Unless otherwise defined, the terms used in this announcement shall have the same meaning as those defined in the announcement dated 29 September 2014.
1. INTRODUCTION
We refer to the announcement dated 29 September 2014 in relation to the Proposed Scheme (“First Announcement”).
On behalf of the Board of Directors of Gamuda, Hong Leong Investment Bank Berhad wishes to announce that the non-executive Directors of the Company, namely Dato’ Mohammed Hussein, Tan Sri Dato’ Seri Dr Haji Zainul Ariff bin Haji Hussain, Raja Dato’ Seri Eleena binti Sultan Azlan Shah and Tunku Afwida binti Tunku A.Malek (“Non-Executive Directors”) have elected not to participate in the Proposed Scheme to promote good corporate governance practice in the Company.
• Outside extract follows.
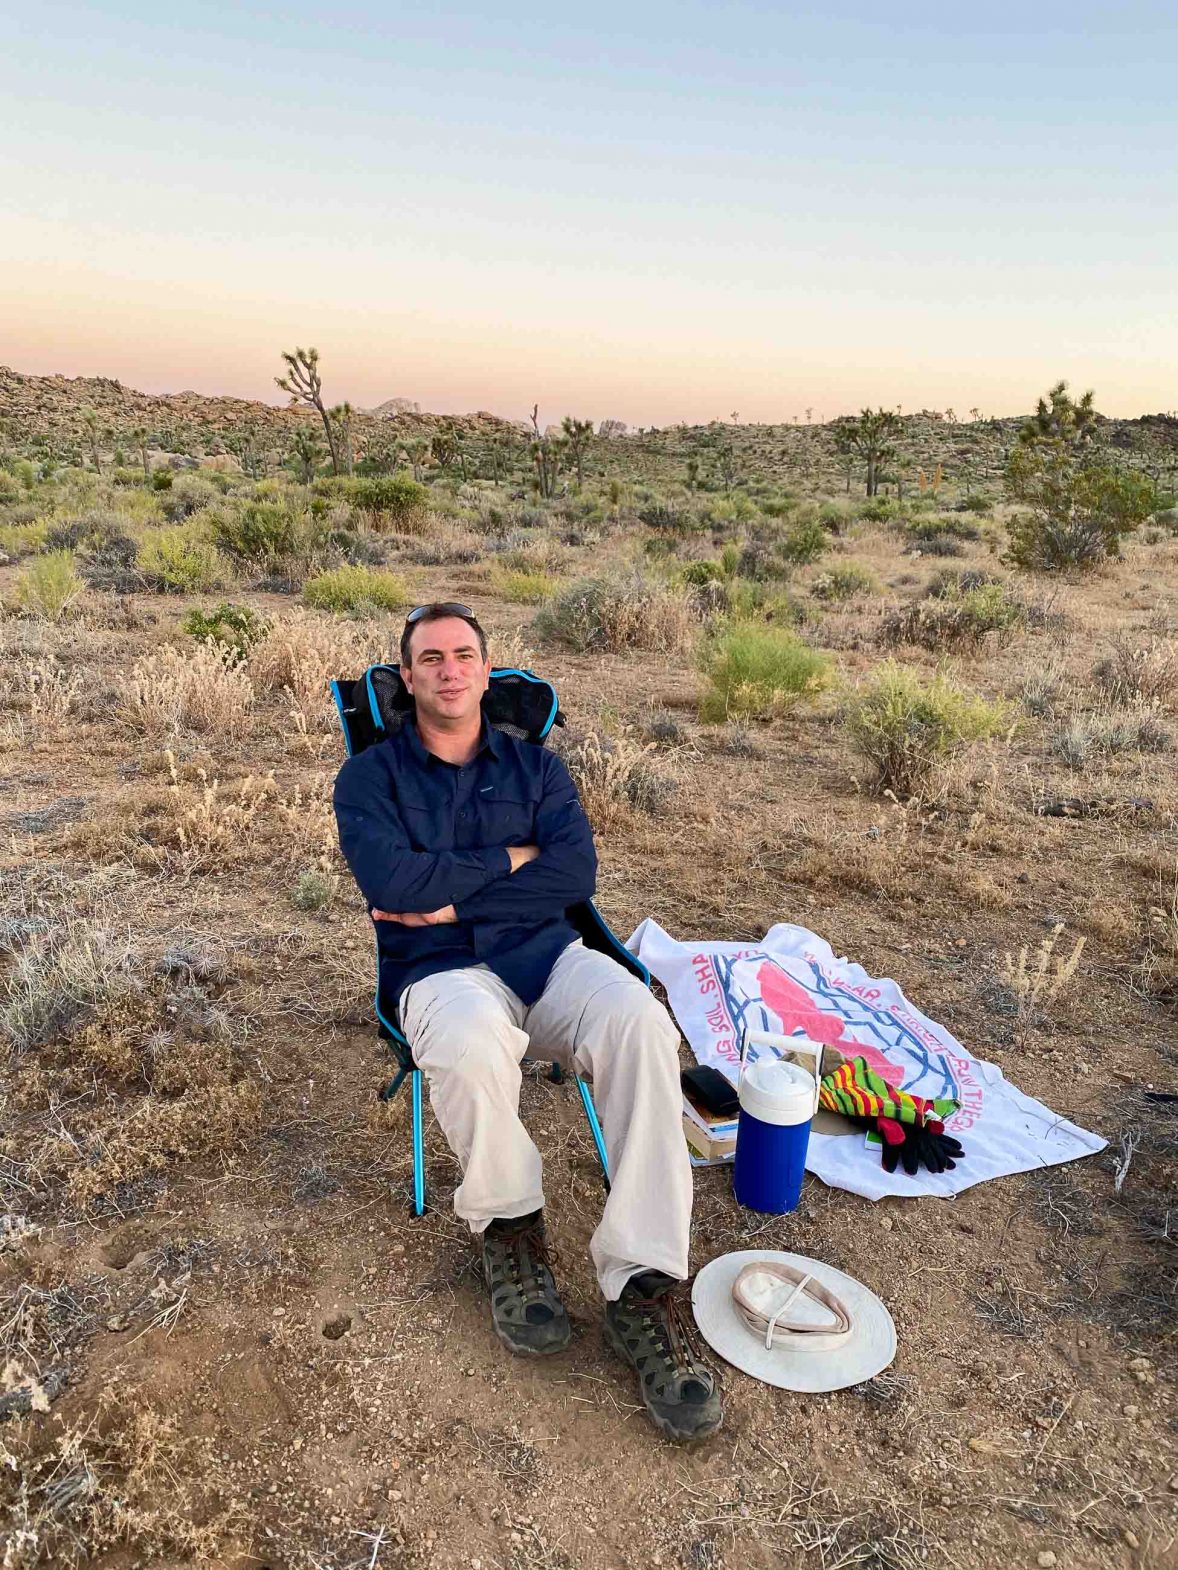 Robby sits in dru terrain with a blanket beside him with some snacks on it.

In relation thereto, the proposed establishment of a new employees’ share issuance scheme of up to 10% of the issued and paid-up share capital of Gamuda (excluding treasury shares, if any) at any point in time during the duration of the employees’ share issuance scheme will only be for the eligible Executive Directors (i.e. Directors who are in an executive capacity and involved in the day-to-day management of the Company) and Employees of Gamuda and its subsidiaries (excluding subsidiaries which are dormant).
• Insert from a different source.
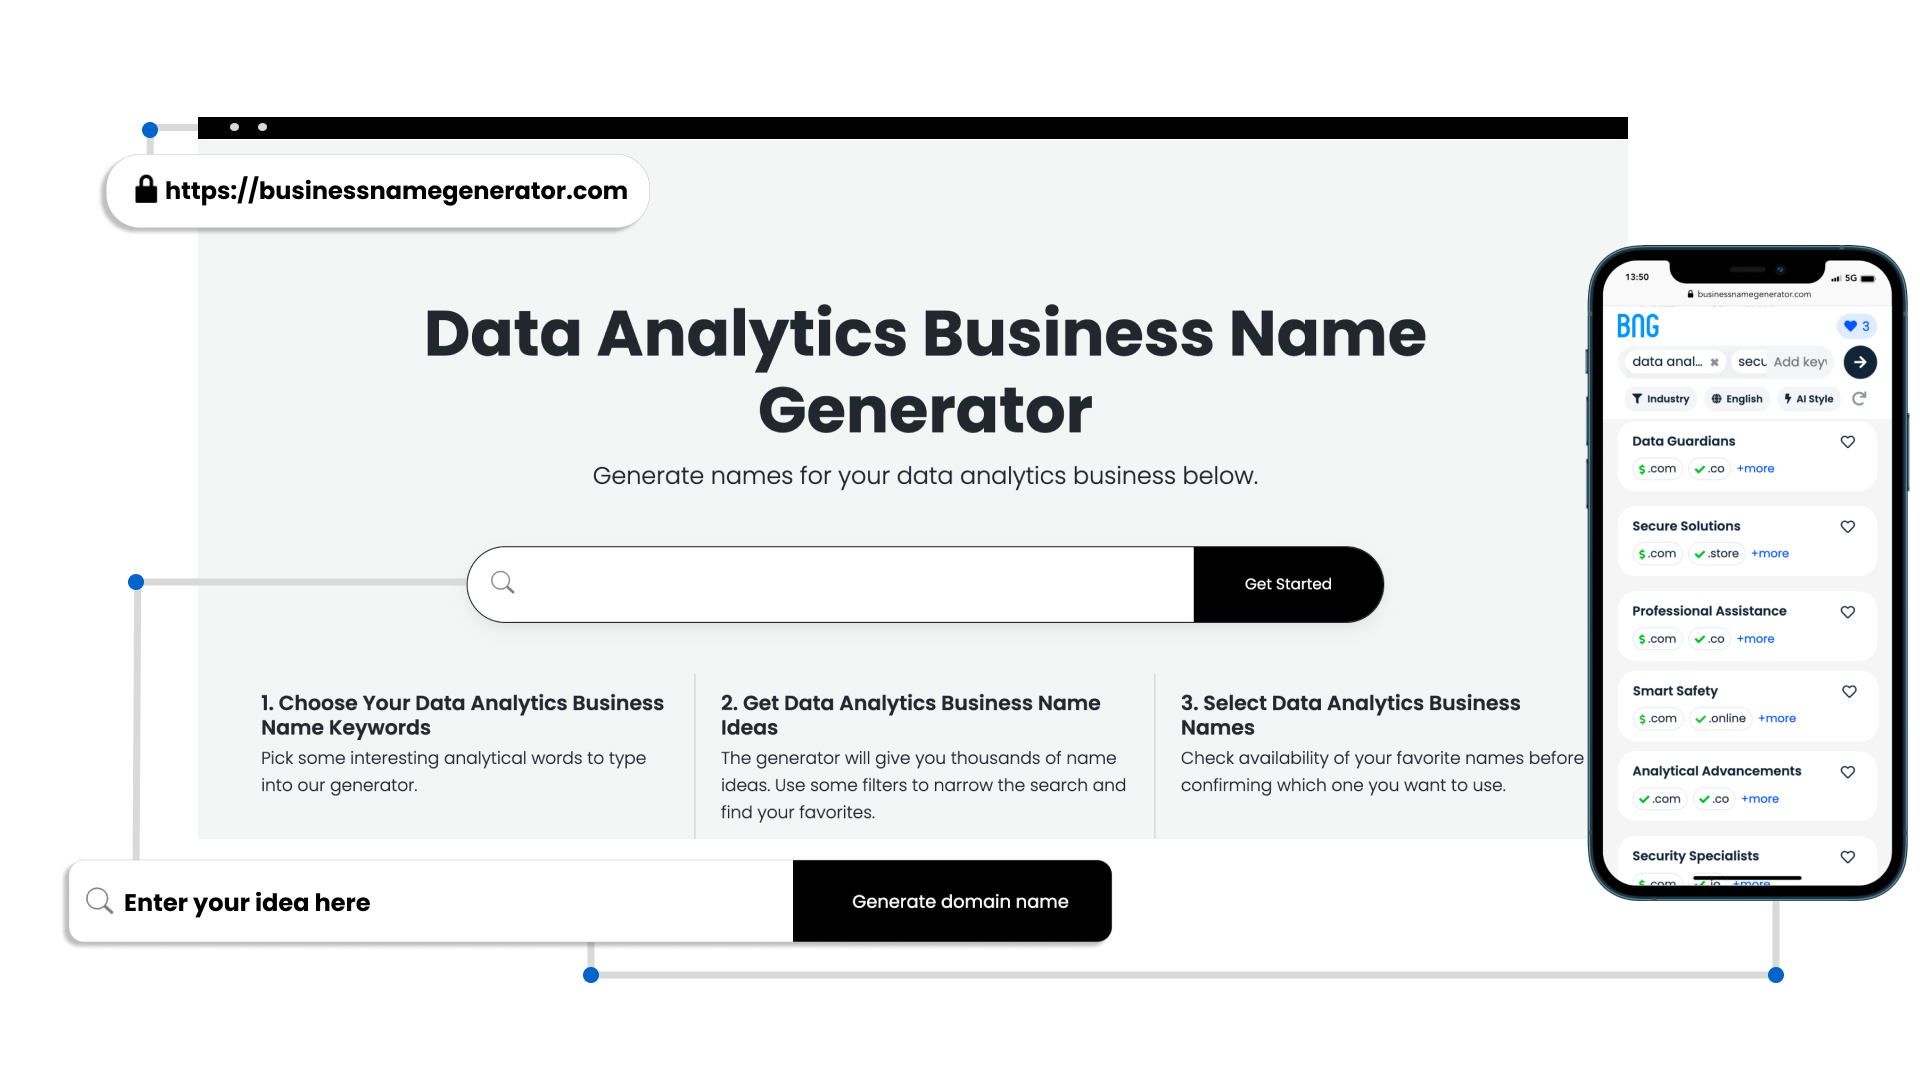 Benefits of Our Data Analytics Business Name Generator

The revisions to the salient features of the Proposed Scheme provided for in the First Announcement are set out in the ensuing sections. Save as disclosed in the ensuing sections, all other salient features of the Proposed Scheme shall remain unchanged.
2. REVISIONS TO THE SALIENT FEATURES OF THE PROPOSED SCHEME
2.1 Directors’ Eligibility
In order to be considered an Eligible Person, an Executive Director must be at least eighteen (18) years of age as at the Date of Offer.
2.2 Retention Period
In view of the non-participation of the Non-Executive Directors of the Company under the Proposed Scheme, the new Gamuda Shares to be allotted and issued to a Grantee pursuant to the exercise of an Option under the Proposed Scheme will not be subject to any retention period.
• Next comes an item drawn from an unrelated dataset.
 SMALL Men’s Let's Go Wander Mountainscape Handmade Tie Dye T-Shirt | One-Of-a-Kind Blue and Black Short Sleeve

3. INTERESTS OF DIRECTORS, MAJOR SHAREHOLDERS AND/OR PERSONS CONNECTED WITH THEM
Further to the above, the Company will not seek shareholders’ approval for authority to grant Options to the Non-Executive Directors and as such, they are no longer deemed interested in the Proposed Scheme.
In addition to the above, on behalf of the Board, HLIB is pleased to announce that the listing application for such number of new Gamuda Shares, representing up to 10% of the issued and paid-up share capital of Gamuda (excluding treasury shares, if any) at any point in time pursuant to the Proposed Scheme has been submitted to Bursa Securities today for its consideration.
This announcement is dated 17 October 2014.